We found 5 potential security issue(s) in this PR:

# Severity Title
1 🟠 High Context-engine systemPromptAddition is appended to Codex developer instructions (prompt-injection privilege escalation)
2 🟠 High Tool result text blocks can leak sensitive tool output into Codex prompt context
3 🟡 Medium Potential DoS via unbounded context rendering before truncation in Codex context projection
4 🟡 Medium Sensitive data exposure via unredacted error object logging in context-engine assembly failure path
5 🟡 Medium Sensitive data exposure via unredacted String(error) logging in harness context-engine lifecycle
1. 🟠 Context-engine `systemPromptAddition` is appended to Codex developer instructions (prompt-injection privilege escalation)
Property Value
Severity High
CWE CWE-269
Location extensions/codex/src/app-server/run-attempt.ts:206-216

Description

The Codex harness projects ContextEngine.assemble() output into the Codex request. While the assembled message history is framed as quoted reference data in the user prompt, the context-engine-provided systemPromptAddition is instead promoted into developer instructions.

  • systemPromptAddition is produced by the active ContextEngine implementation.
  • A context engine can derive systemPromptAddition from user-controlled data (e.g., prior user messages, retrieved documents, tool outputs), intentionally or accidentally.
  • The code appends this string into developerInstructions, which are higher-privilege than user content for most LLM harnesses.
  • No trust boundary, allowlist, or sanitization is enforced before promotion.

This enables instruction-confusion / prompt-injection style privilege escalation: an attacker who can influence context-engine outputs (directly via untrusted engine selection, or indirectly via a trusted engine that incorporates user content) can inject directives that override safety policies, tool-use constraints, or operational guidance.

Vulnerable code:

const projection = projectContextEngineAssemblyForCodex({
  assembledMessages: assembled.messages,
  originalHistoryMessages: historyMessages,
  prompt: params.prompt,
  systemPromptAddition: assembled.systemPromptAddition,
});
...
developerInstructions = joinPresentSections(
  baseDeveloperInstructions,
  projection.developerInstructionAddition,
);

And the projection promotes it:

...(params.systemPromptAddition?.trim()
  ? { developerInstructionAddition: params.systemPromptAddition.trim() }
  : {}),

Recommendation

Establish and enforce a trust boundary for systemPromptAddition before promoting it into developer instructions.

Options (pick one consistent policy):

  1. Do not promote context-engine output to developer instructions.
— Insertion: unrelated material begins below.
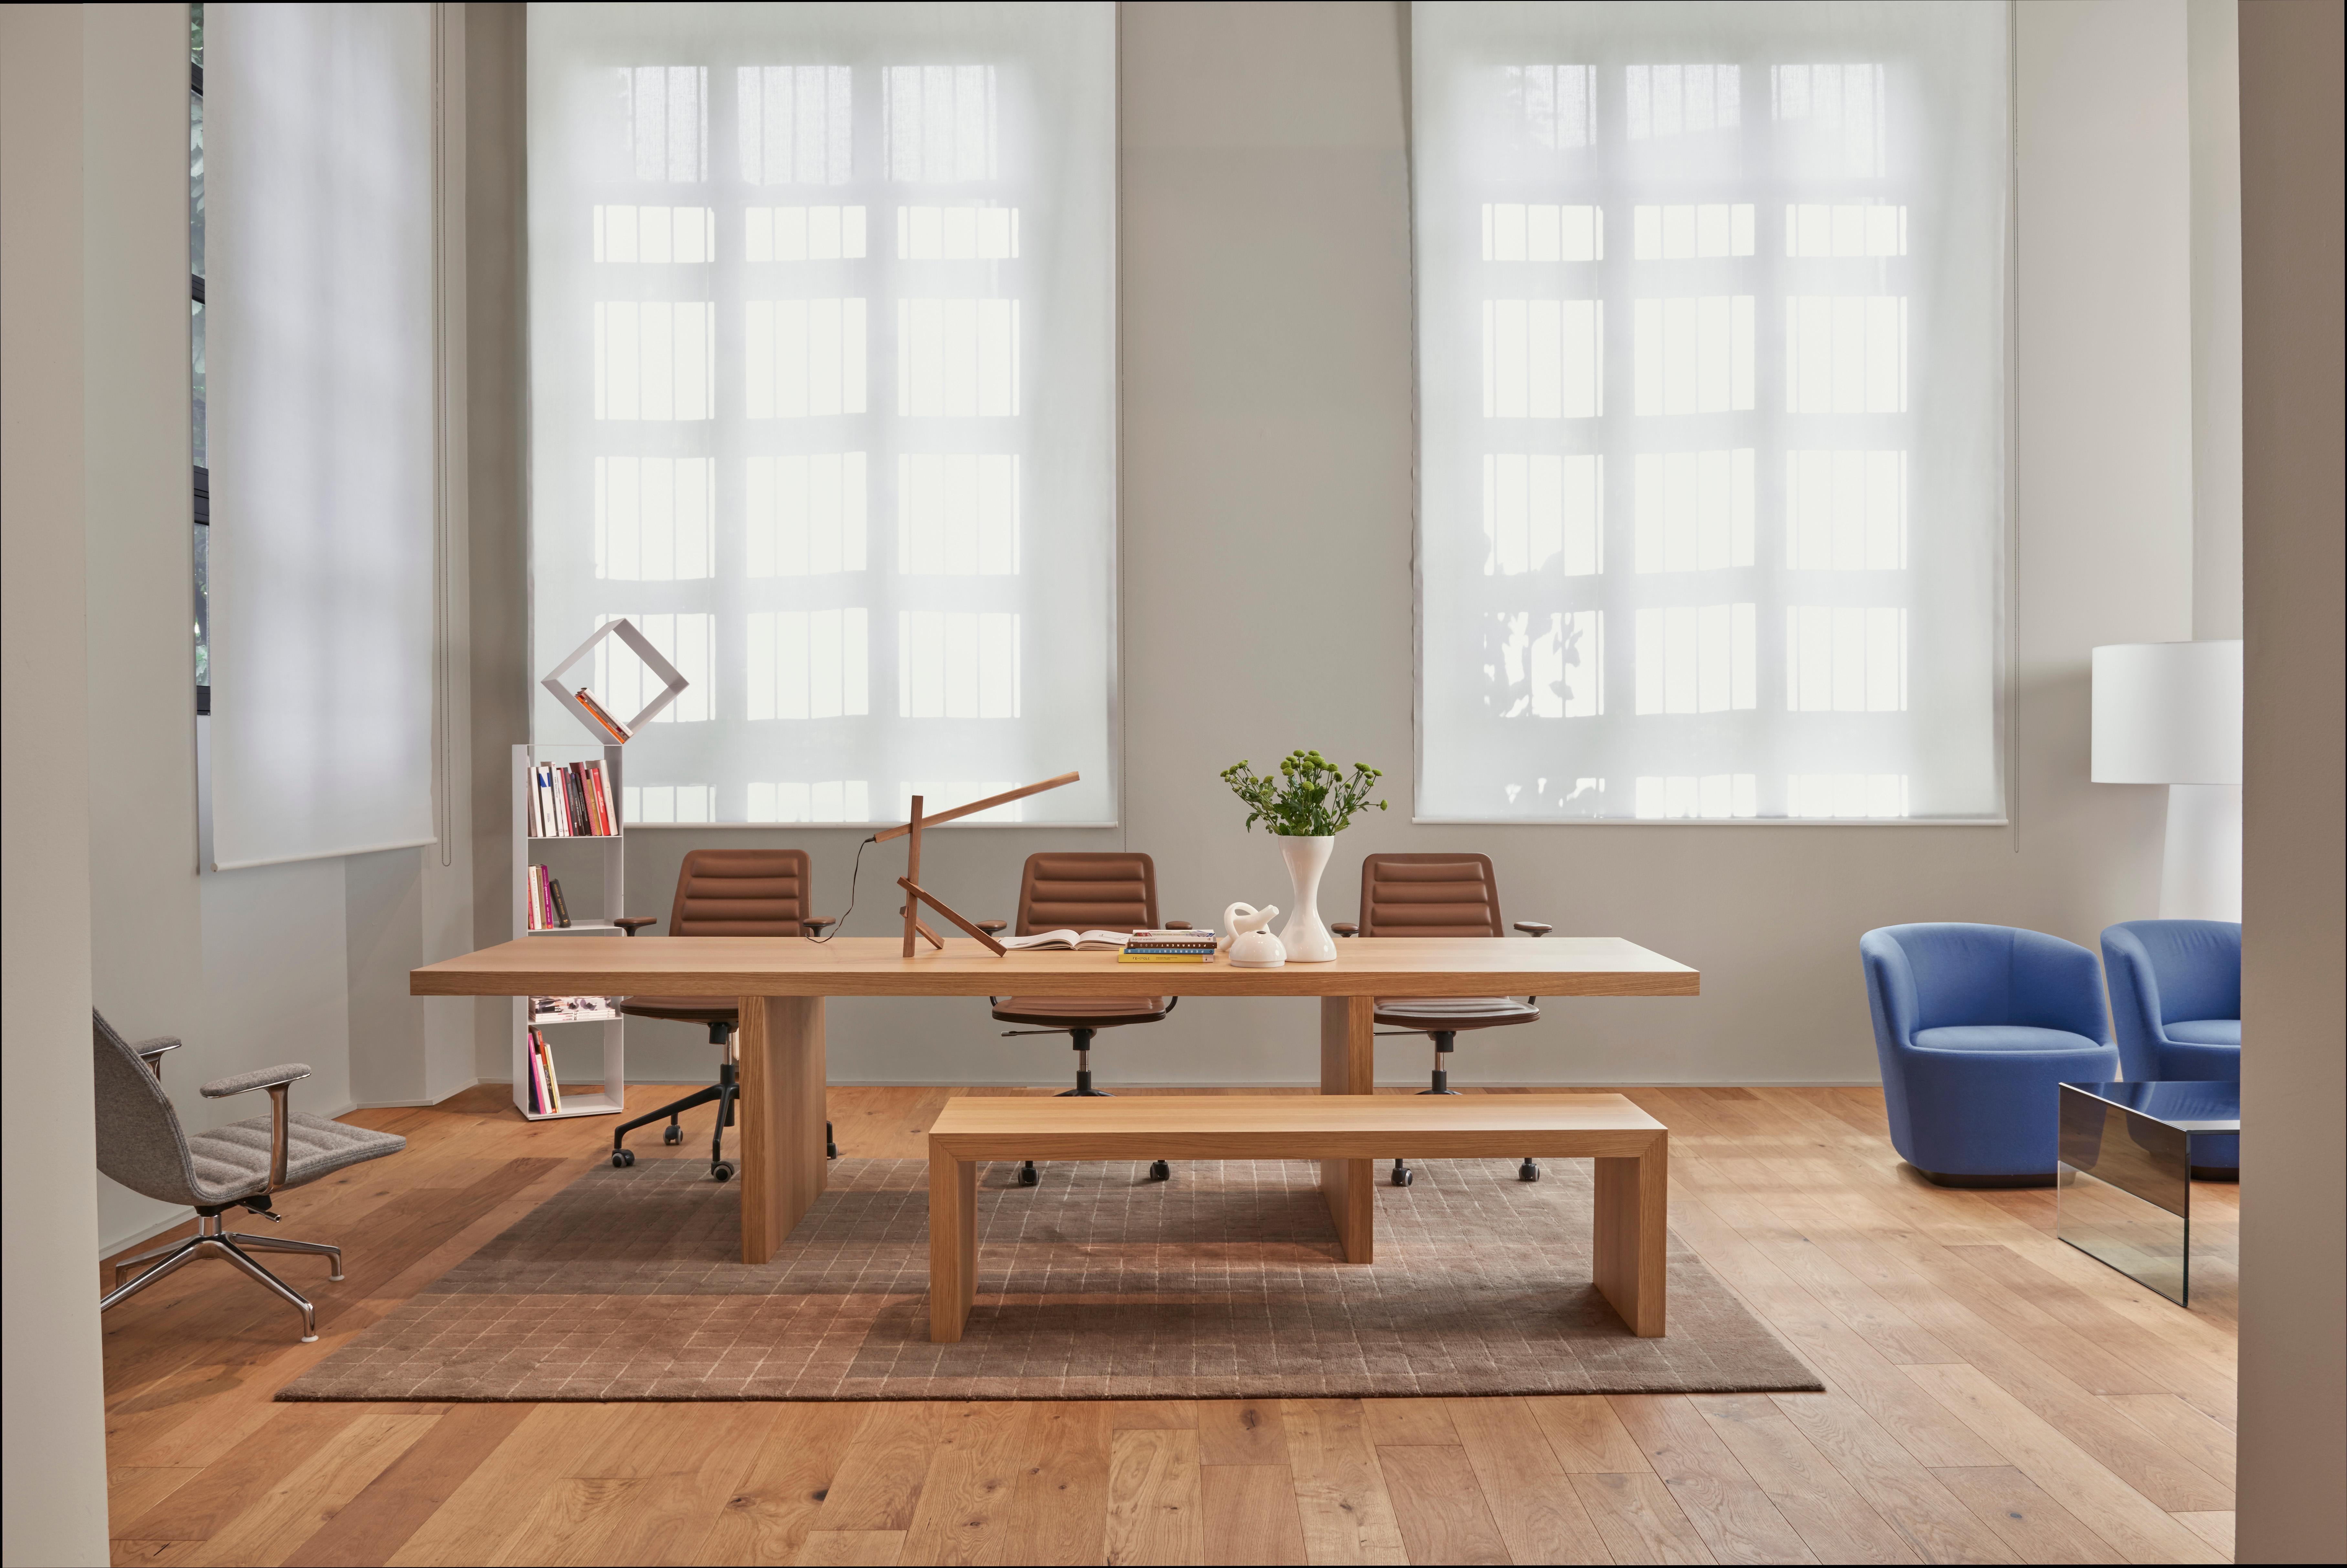 La table Millenium Hope, du designer Claudio Silvestrin, est une union monolithique de sapin alvéolé et de fibres de conglomérat de densité moyenne. Cette table, composée d'éléments verticaux recouverts d'un plateau horizontal de même hauteur et

Instead, include it in the user prompt in a clearly delimited quoted block (like the rest of the context), or map it to a lower-privilege channel.

  2. Allowlist trusted engines only (e.g., built-in engines) to provide systemPromptAddition, and ignore it for third-party/untrusted engines.

  3. Constrain and sanitize: only permit a structured, machine-validated format (e.g., JSON with known keys), reject anything containing instruction-like patterns, and cap length.

Example mitigation (allowlist by engine id):

const TRUSTED_SYSTEM_PROMPT_ENGINES = new Set(["legacy", "built_in_memory"]);
const trustedAddition =
  activeContextEngine && TRUSTED_SYSTEM_PROMPT_ENGINES.has(activeContextEngine.info.id)
    ? assembled.systemPromptAddition
    : undefined;

const projection = projectContextEngineAssemblyForCodex({
  assembledMessages: assembled.messages,
  originalHistoryMessages: historyMessages,
  prompt: params.prompt,
  systemPromptAddition: trustedAddition,
});

If you must support third-party engines, consider adding a separate field like developerInstructionAdditionTrusted: boolean in the assemble result and enforce it in the host, rather than trusting engine-provided strings implicitly.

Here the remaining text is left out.